On an engineering specs, it's mentioned that the initial tolerance is
0.50%. How do you convert to PPM?

How do you calculate the timing (microseconds) when the following are
given?
- 50ppm
- 16MHz

Thanks,

2. ### Tim WescottGuest

PPM means "parts per million", i.e. 1PPM means 1/1000000.

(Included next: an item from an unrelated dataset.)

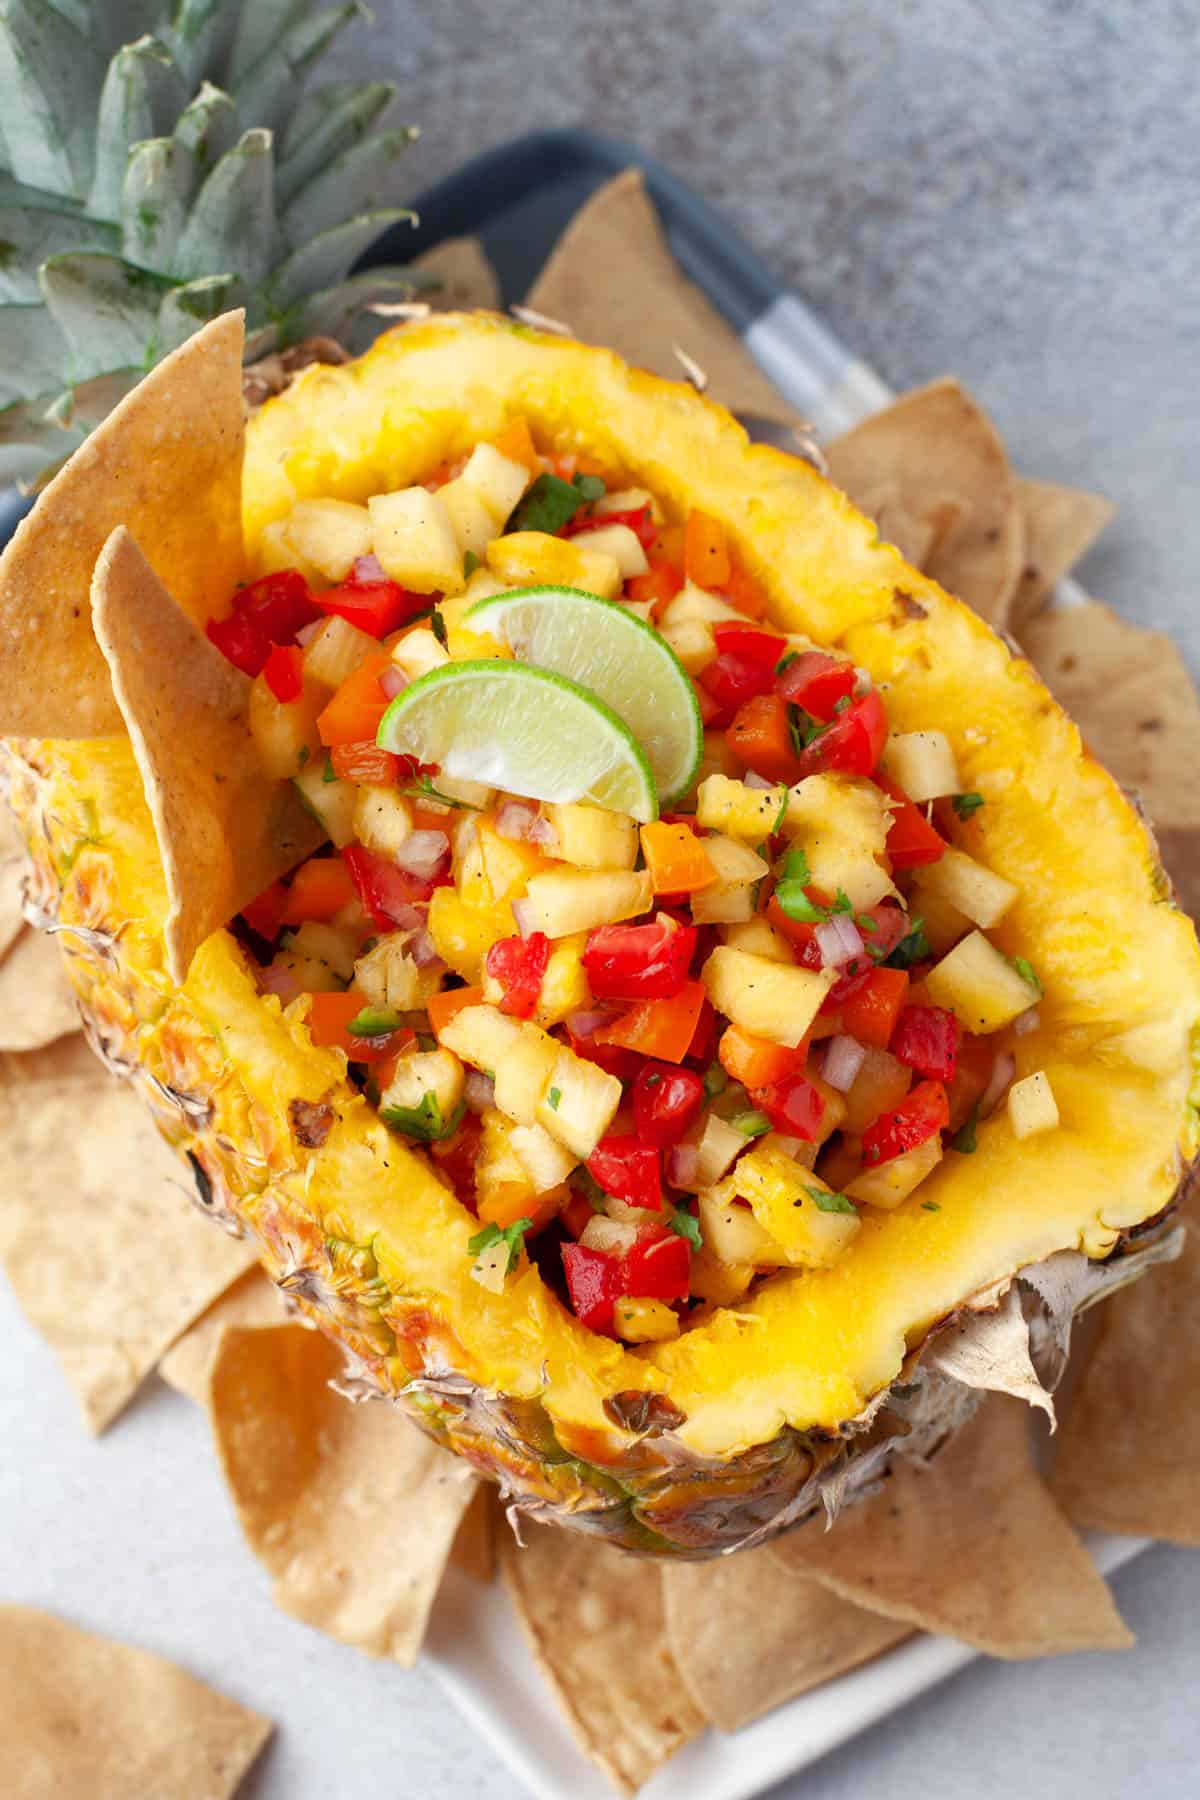 Pineapple salsa in a hollowed out pineapple with corn tortilla chips around it.

% means "per cent", or "parts per hundred" in english. 1% means 1/100.

I will _not_ do the math for you.

--

Tim Wescott
Wescott Design Services
http://www.wescottdesign.com

3. ### Guest

i know ppm and %

but i can't figure out why 50ppm = 0.5%

to my calculation, 50 ppm = 0.005%

and 0.5% = 5000ppm

my friend just said, simple divide/multiply by 100, i just don't get it,

4. ### Guest

that's only the first part,

How do you calculate the timing (microseconds) when the following are
given for a given duration?
- 50ppm
- 16MHz

5. ### Guest

A 16MHz waveform repeats every 62.5nsec. If there is a 50ppm tolerance
on the frequency, there will be a 50ppm tolerance on the period, which
is 3.125psec.

This sort of question should be posted on sci.electronics.basics, or -
better - dealt with by your instructor, who is paid to sort out this
sort of elementary problem.

6. ### Phil AllisonGuest

** Shame you got crap replies from others here.

** That equates to 5,000 ppm.

Or +/- 80kHz in a 16 MHz device.

** The " 50ppm " figure describes the *temperature stability* of the
resonator.

Very likely + 50 ppm change *per degree C * !!!

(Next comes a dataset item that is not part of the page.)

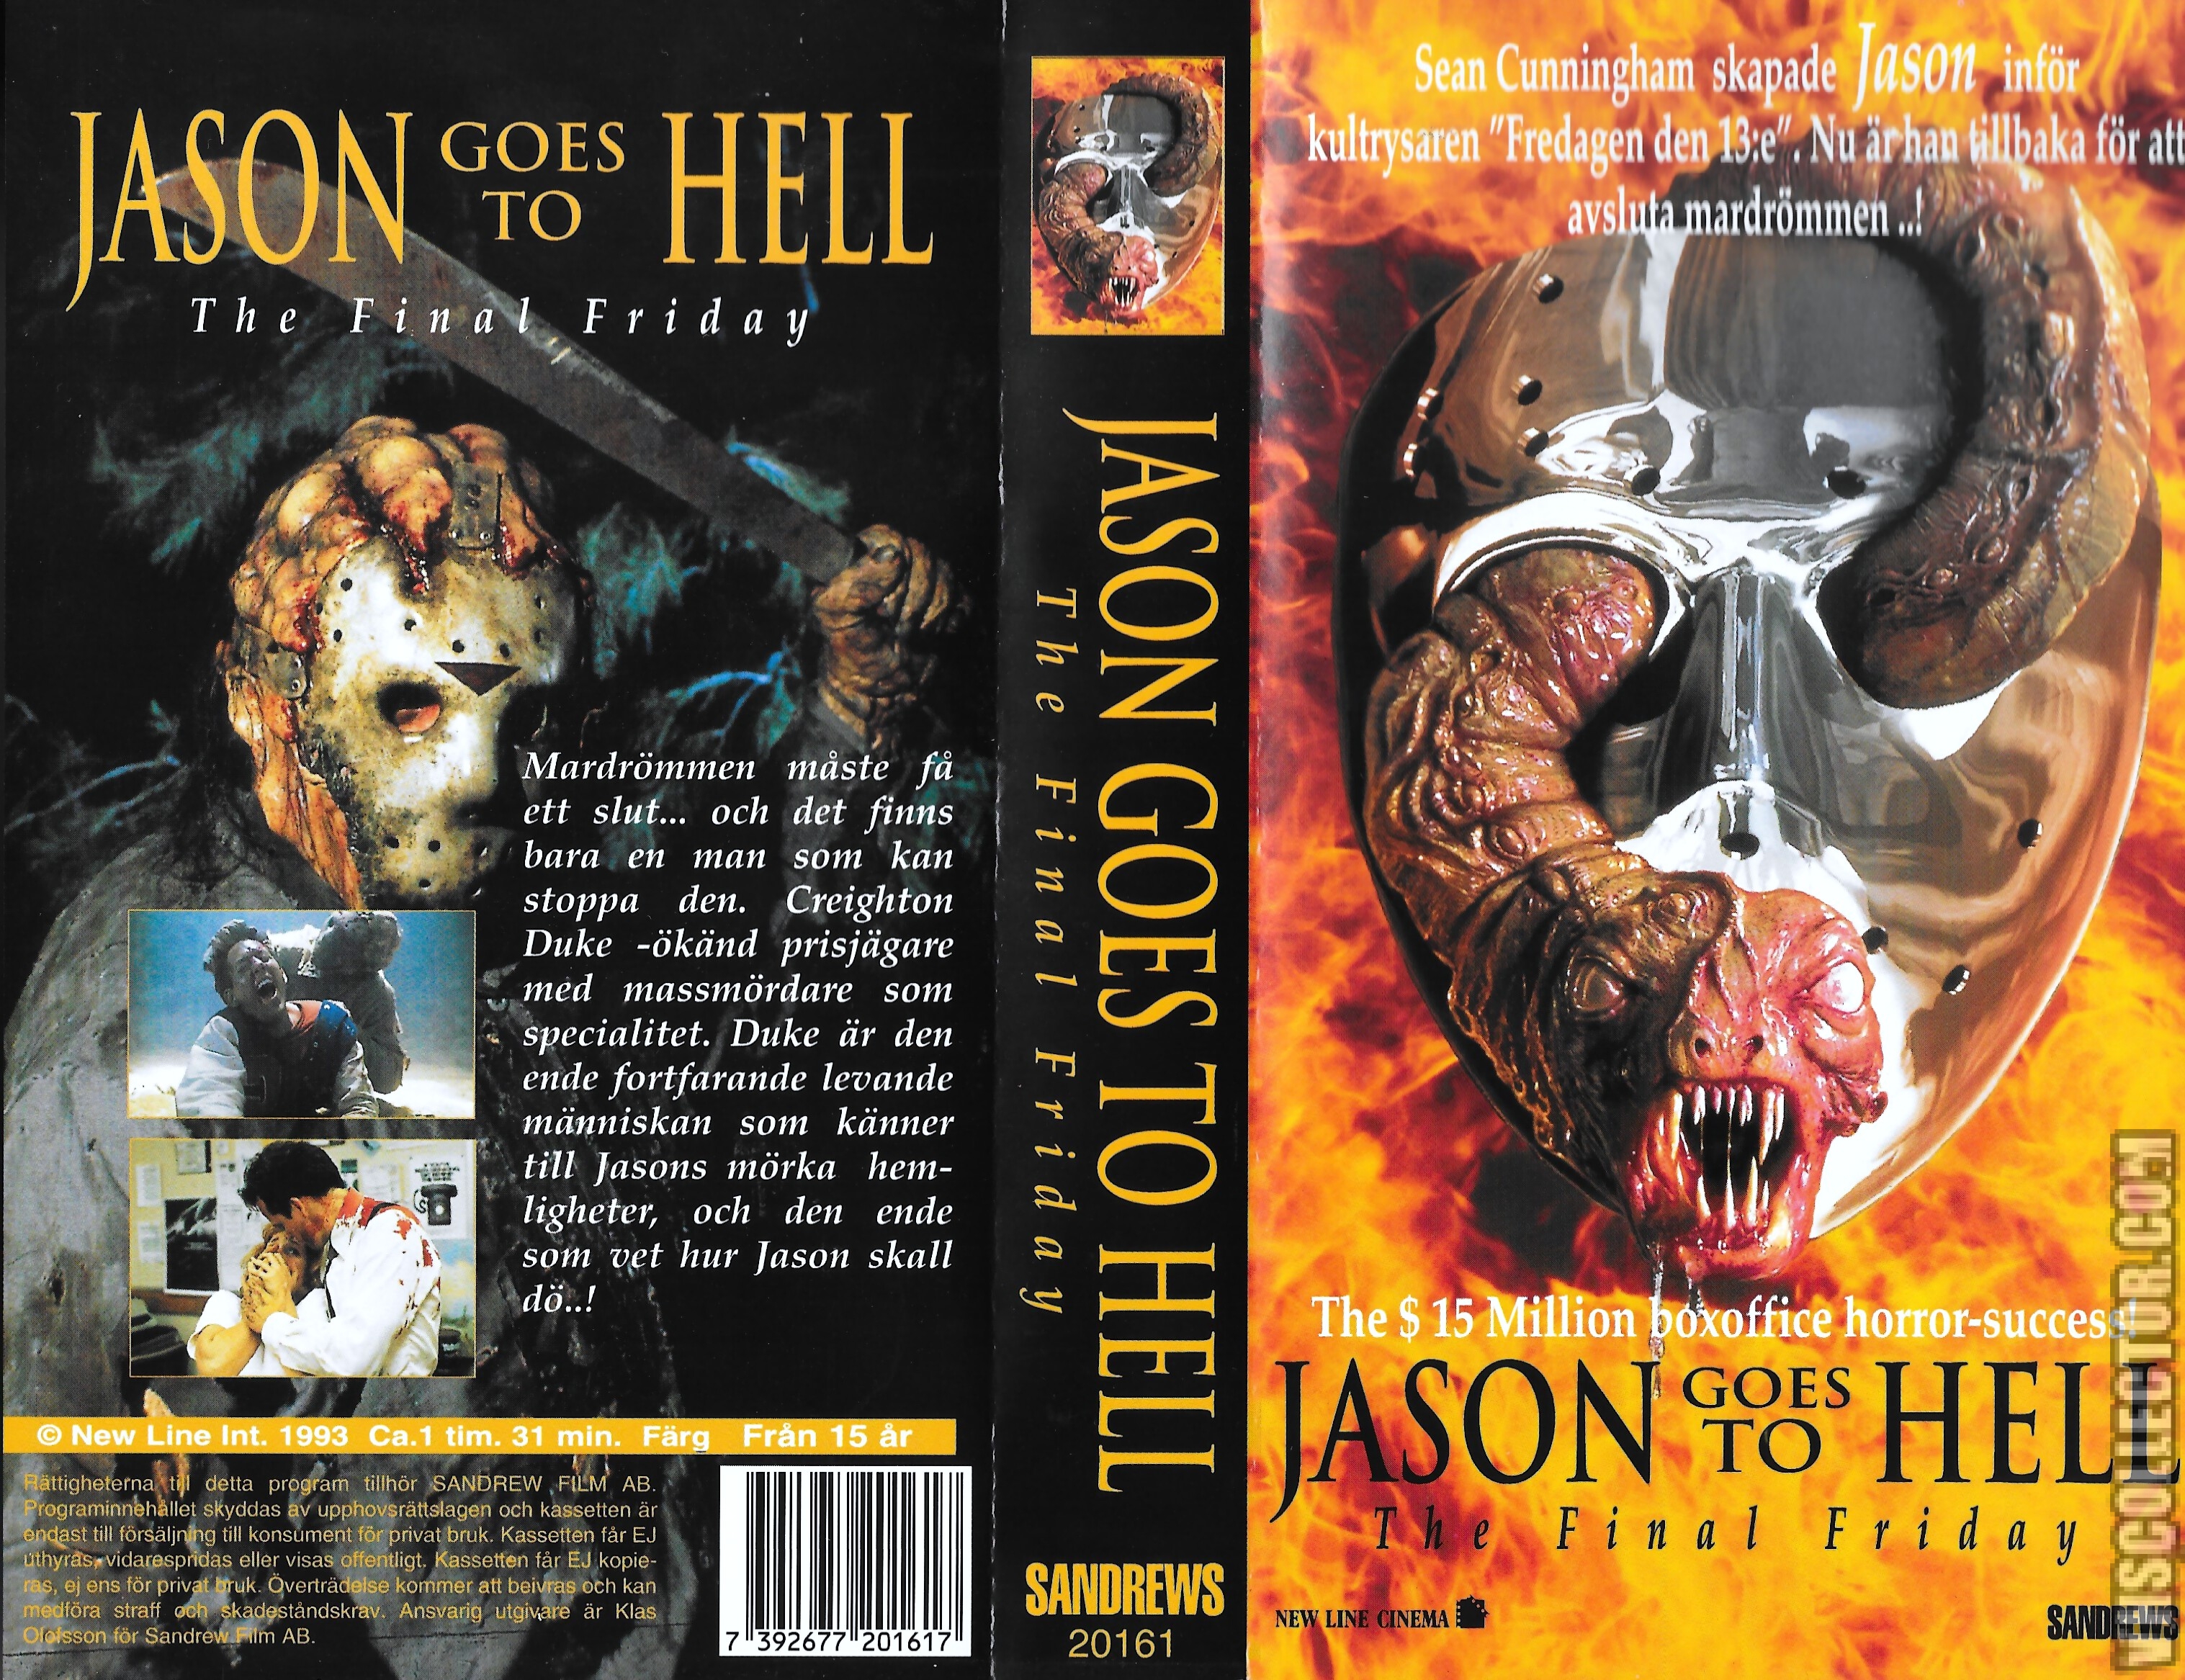 Jason Goes to Hell: The Final Friday | VHSCollector.com

The timing tolerance is dominated by the initial tolerance of +/- 0.5 %.

........ Phil

7. ### Guest

Hi Bill,

Thanks, for the explination, I have tried to figure out by myself, but
it didn't work.
And no, I don't have an instructor.
the tolerance be?

8. ### Guest

Thanks Phil~

So if the 50ppm refers to changes of the tolerance by the degree, then
i think i would look at the initial tolerance,

thanks~

btw, how do i know what is the tolerence in seconds for a given signal?

9. ### Guest

A 16MHz waveform repeats every 62.5nsec. If there is a 50ppm tolerance
on the frequency, there will be a 50ppm tolerance on the period, which
is 3.125psec.

or should i say that, there an timing tolerance of 3.125psec on the
waveforms that i measured?

10. ### Rene TschaggelarGuest

If the timing tolerance is 50ppm, meaning a 20000th, then the time
measurement can be off for 1 second every 20000 seconds.

Rene

11. ### Phil AllisonGuest

** There is no "given signal".

You are MASSIVELY fucking confused.

........ Phil

12. ### Winfield HillGuest

wrote...
If you have a recent vintage digital scope, it may be able to
make quasi-accurate measurements for you, but an analog scope
most likely cannot get you much past 0.5%, you'll be measuring
the scope not the component. Go grab a frequency counter.

13. ### Pooh BearGuest

wrote:

This is done using mathematics ! Multiplication and division - that kind of
thing you know.

Graham

It isn't.

Graham

15. ### Guest

Hi Graham,

Thanks for the clarification. I thought I was missing something in
maths.

16. ### Guest

Hi,

Let me paint the picture again.

I am measuring the "waveform" from GoLogic. The waveform doesn't not
tally with the values being flash into the device that is used to
produced the waveforms. It devaites by a few microsecs.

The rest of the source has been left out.